Collected material
-=-=-=-=-

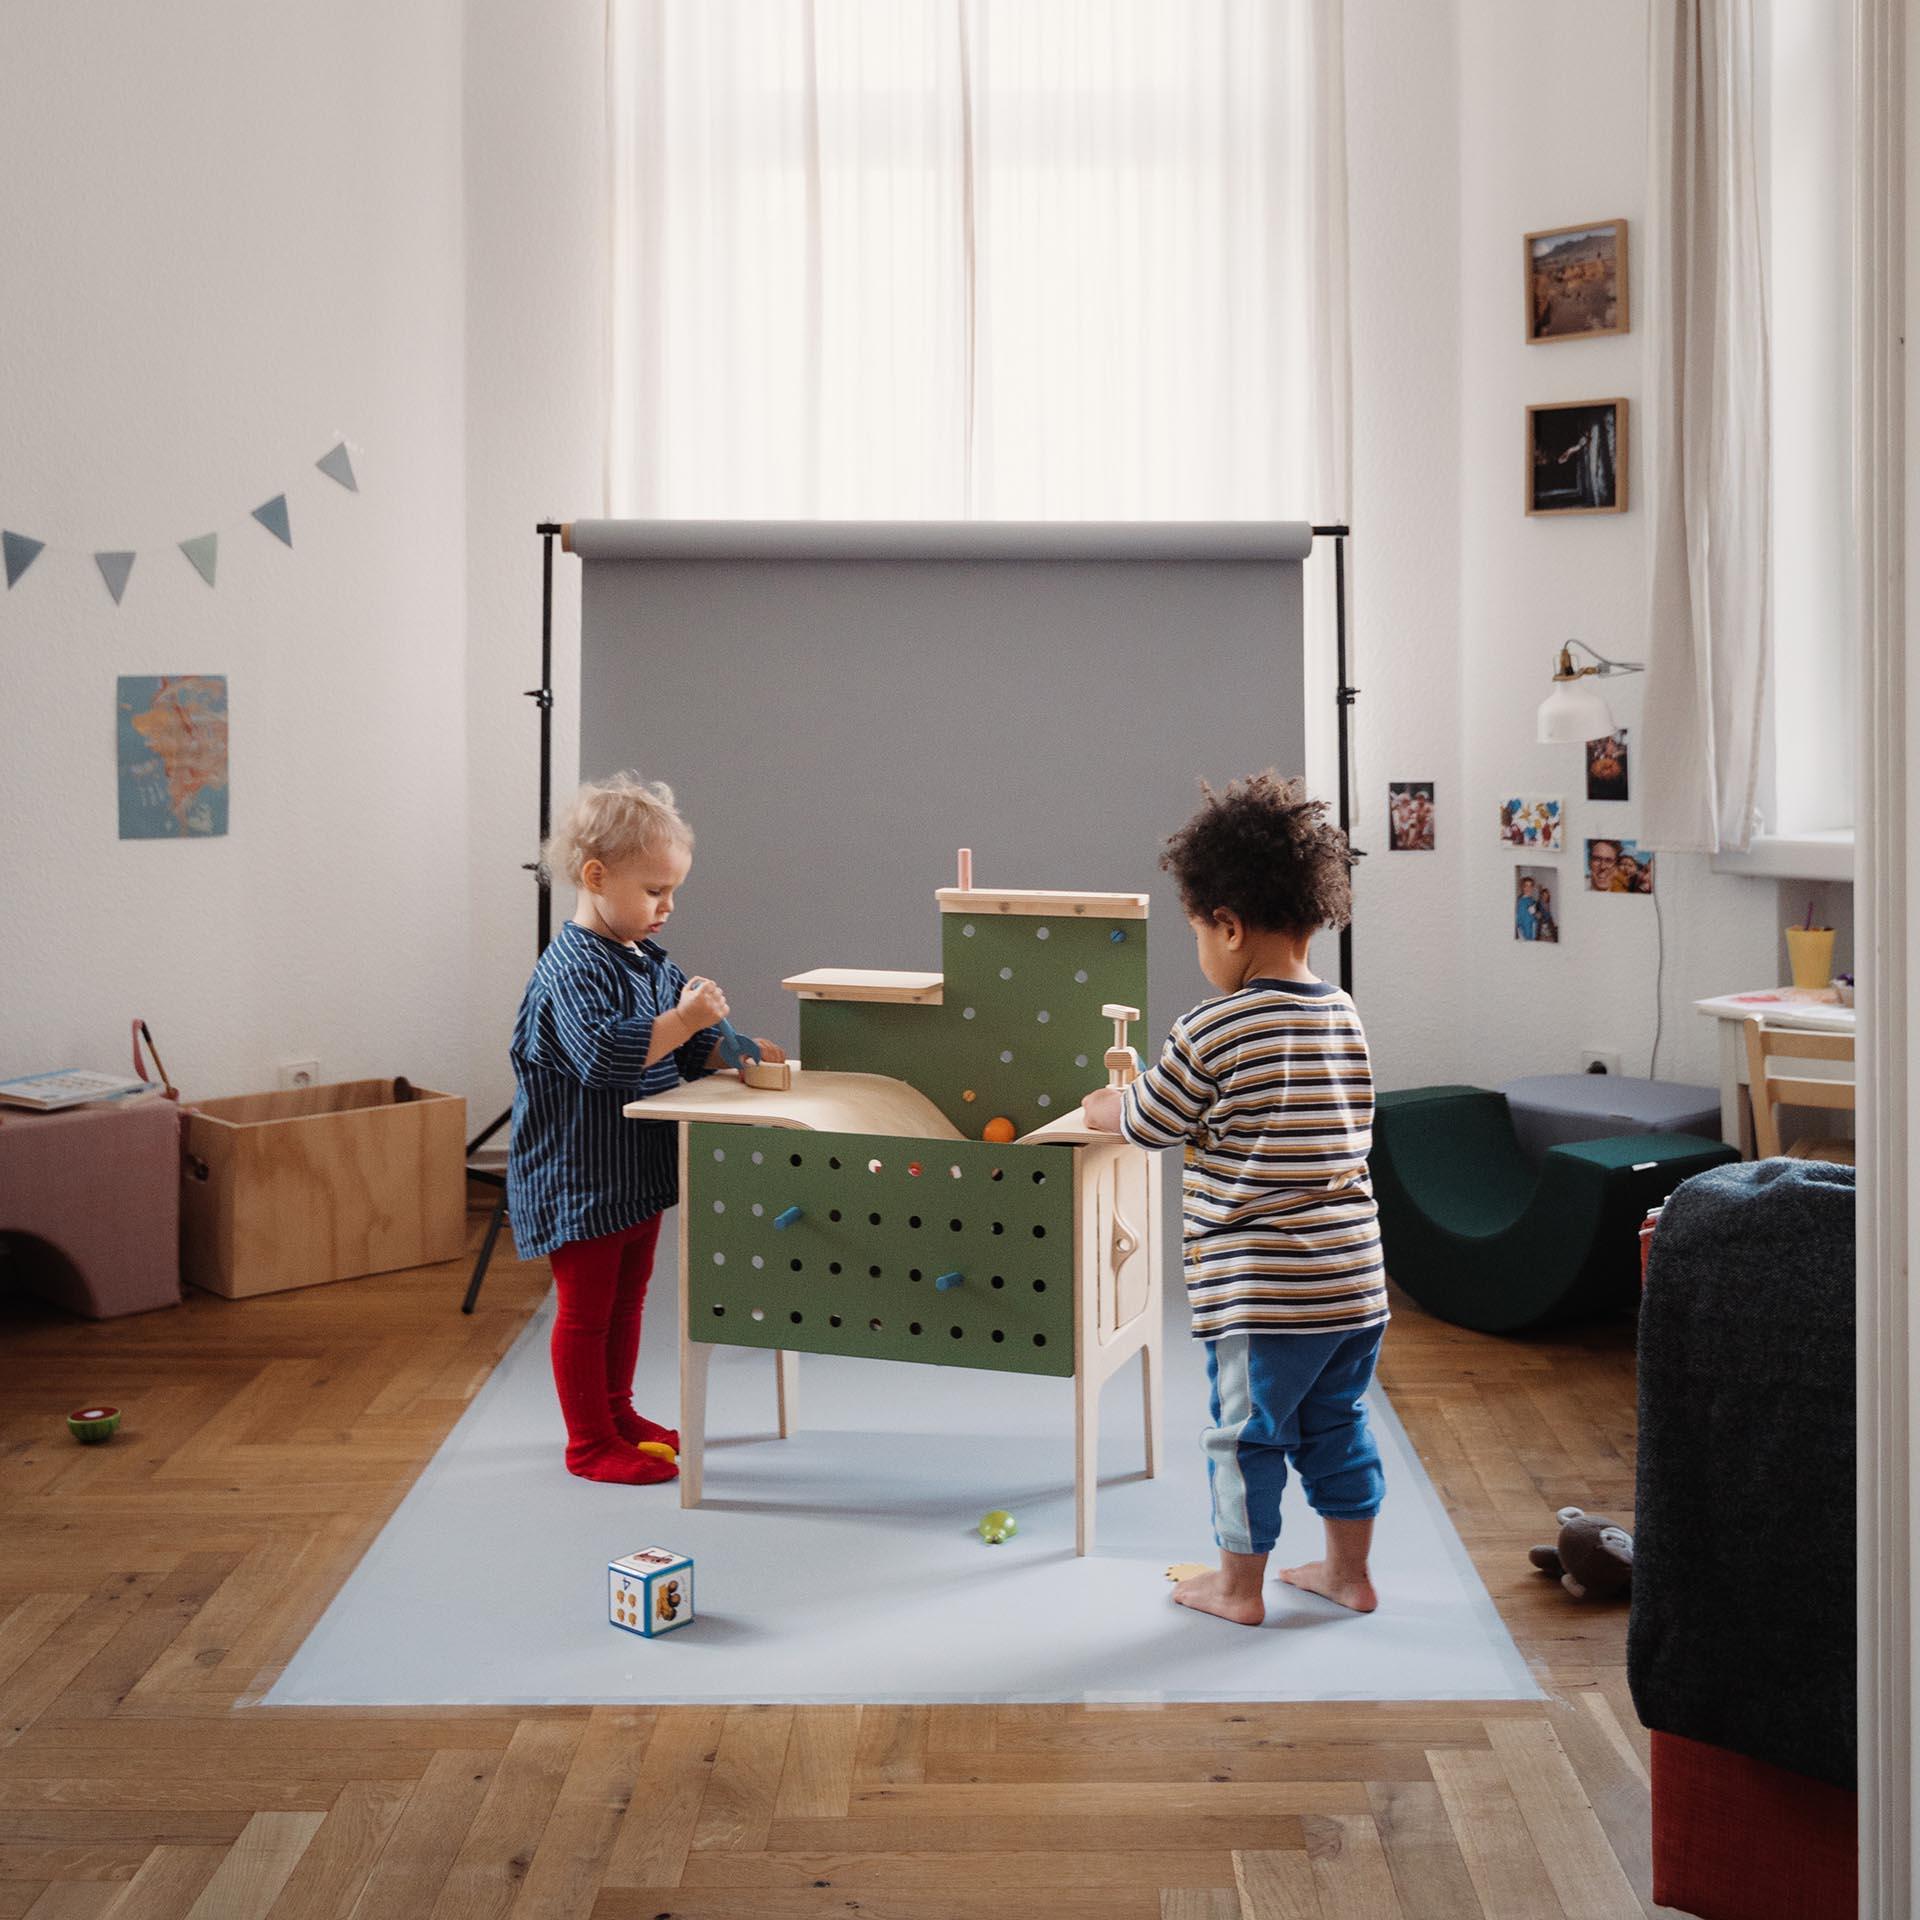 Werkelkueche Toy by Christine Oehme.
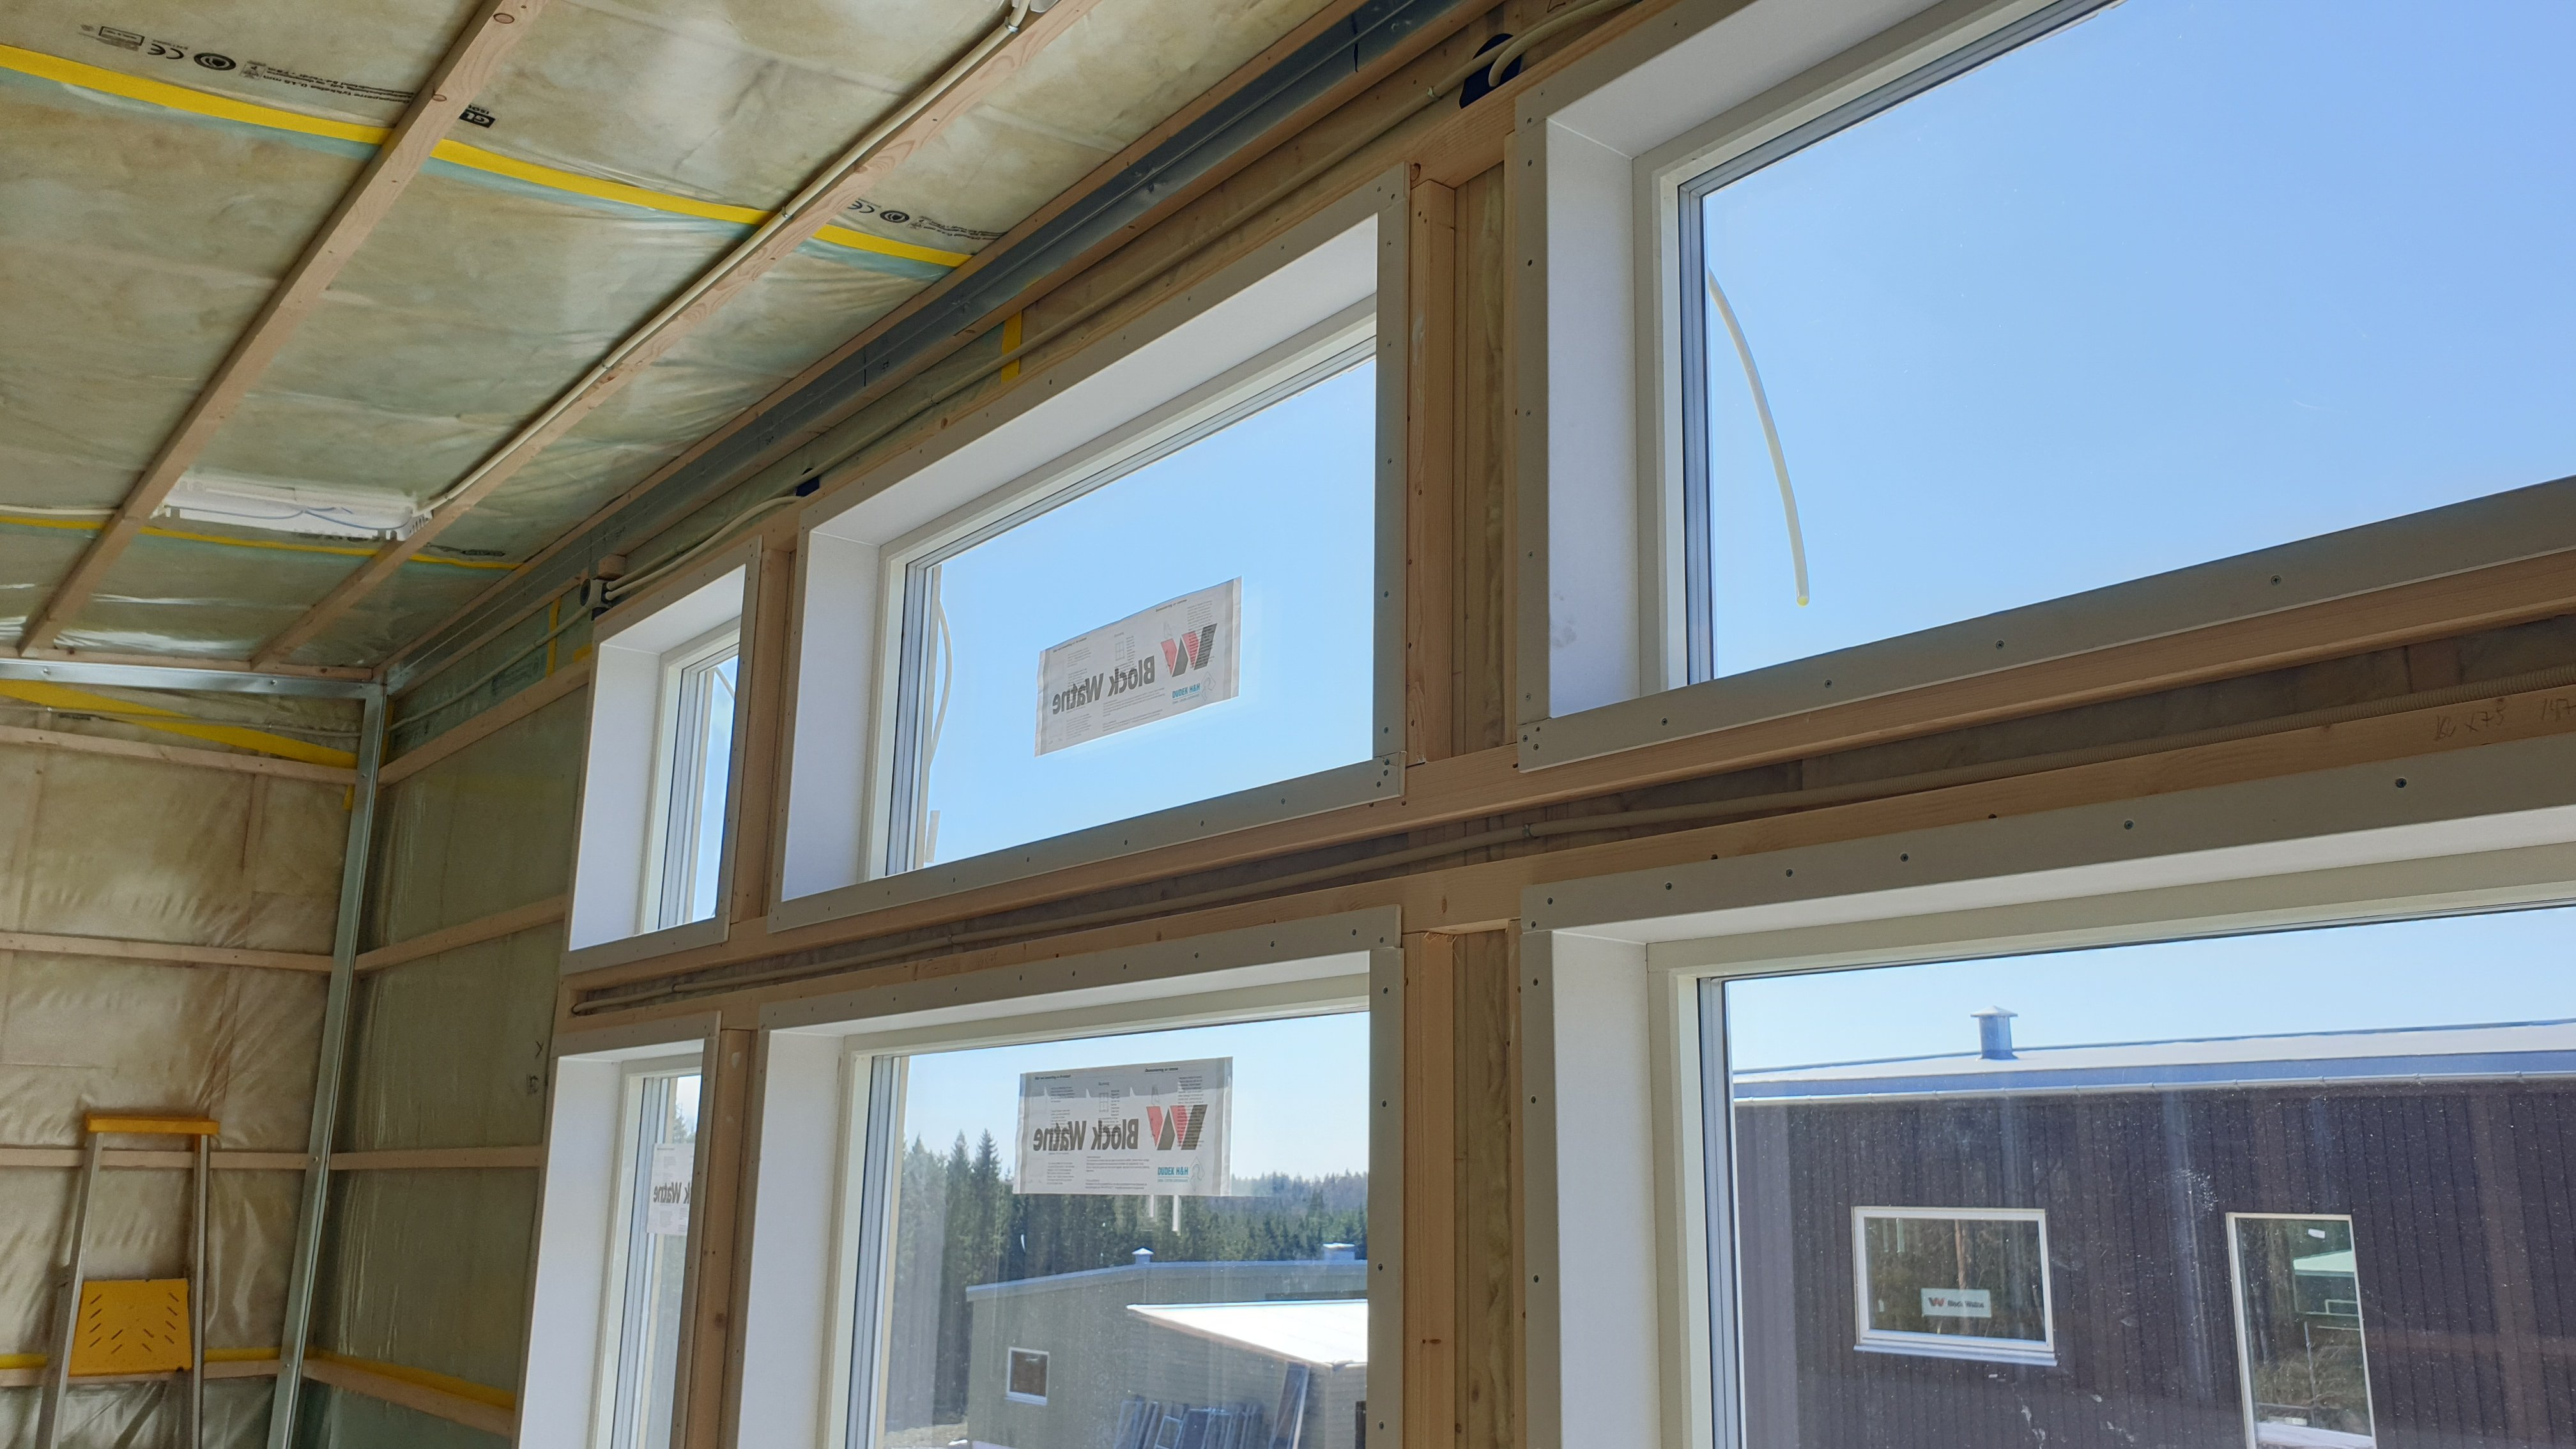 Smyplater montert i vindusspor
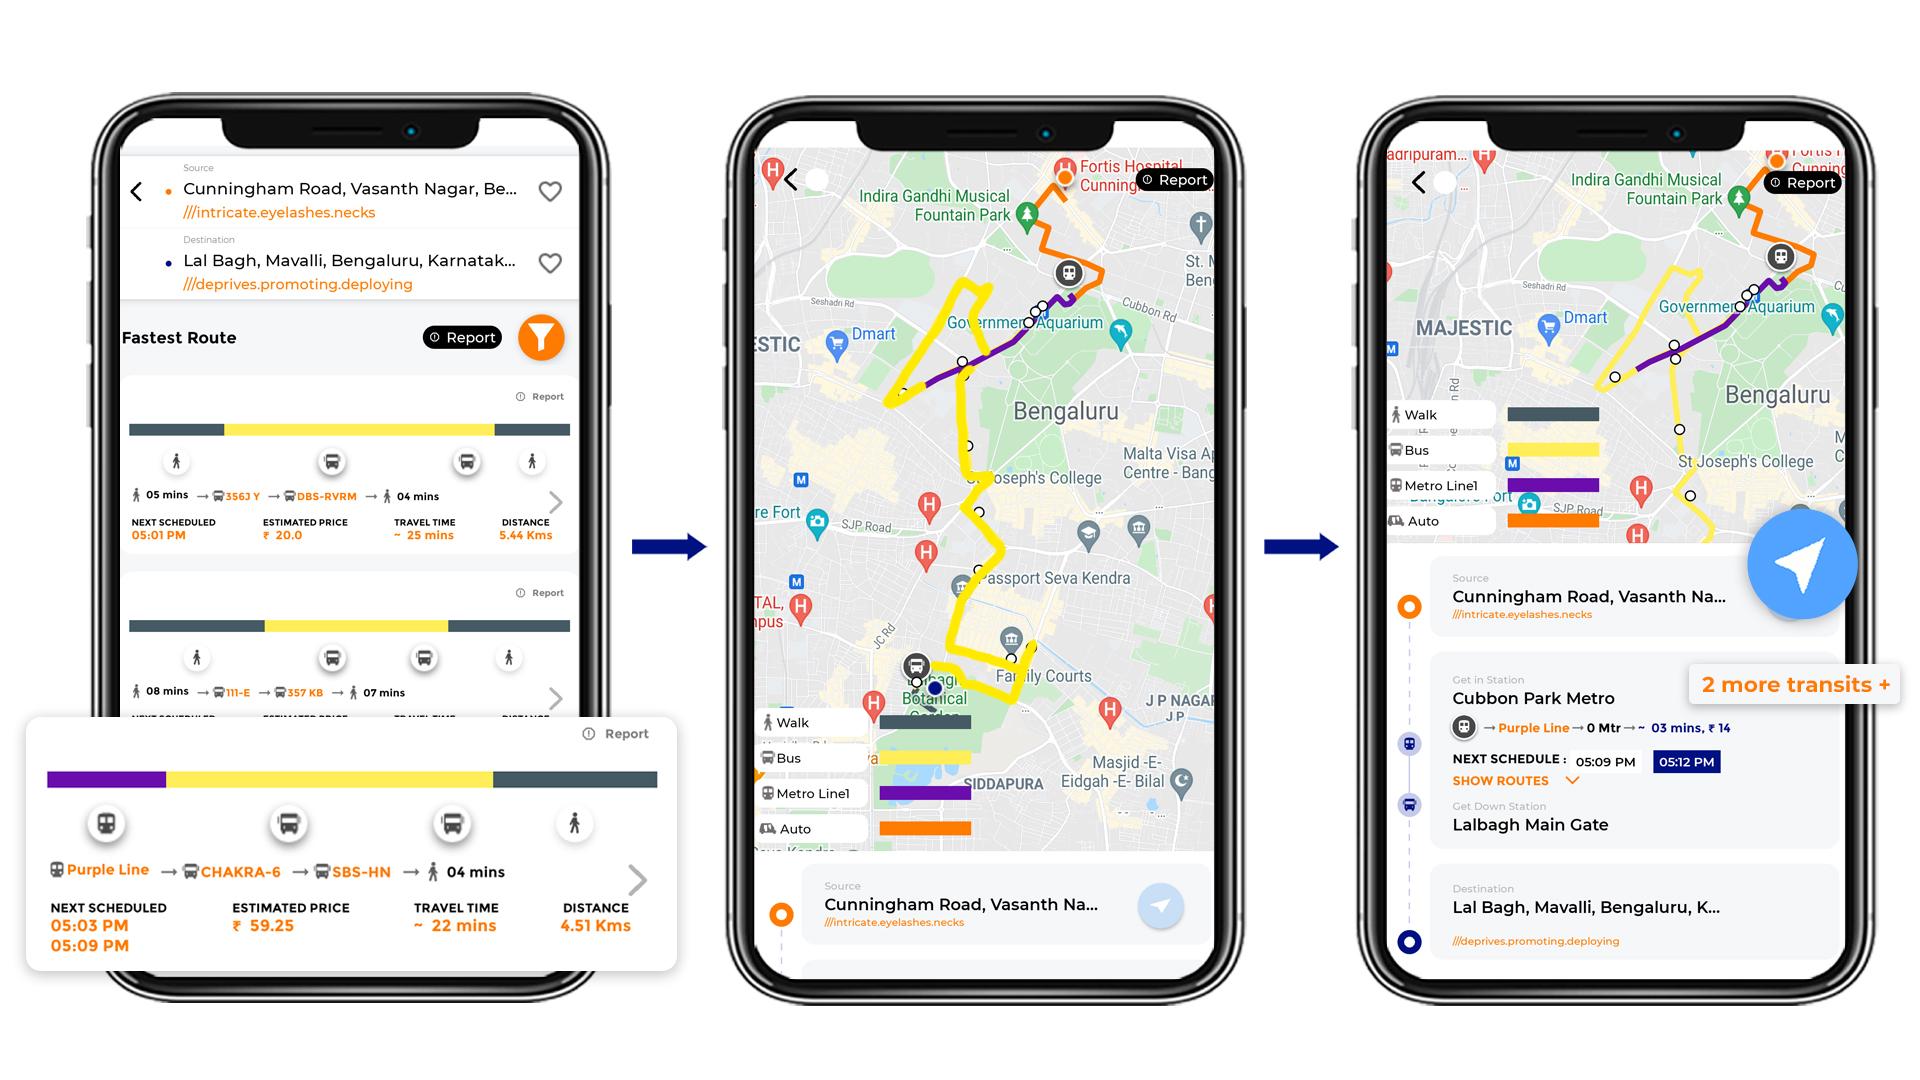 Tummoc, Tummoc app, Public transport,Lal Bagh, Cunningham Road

-=-=-=-=-

Exercise brief
Please write every line above out exactly as given, except for any pictures.

Output for this task
 Werkelkueche Toy by Christine Oehme.
 Smyplater montert i vindusspor
 Tummoc, Tummoc app, Public transport,Lal Bagh, Cunningham Road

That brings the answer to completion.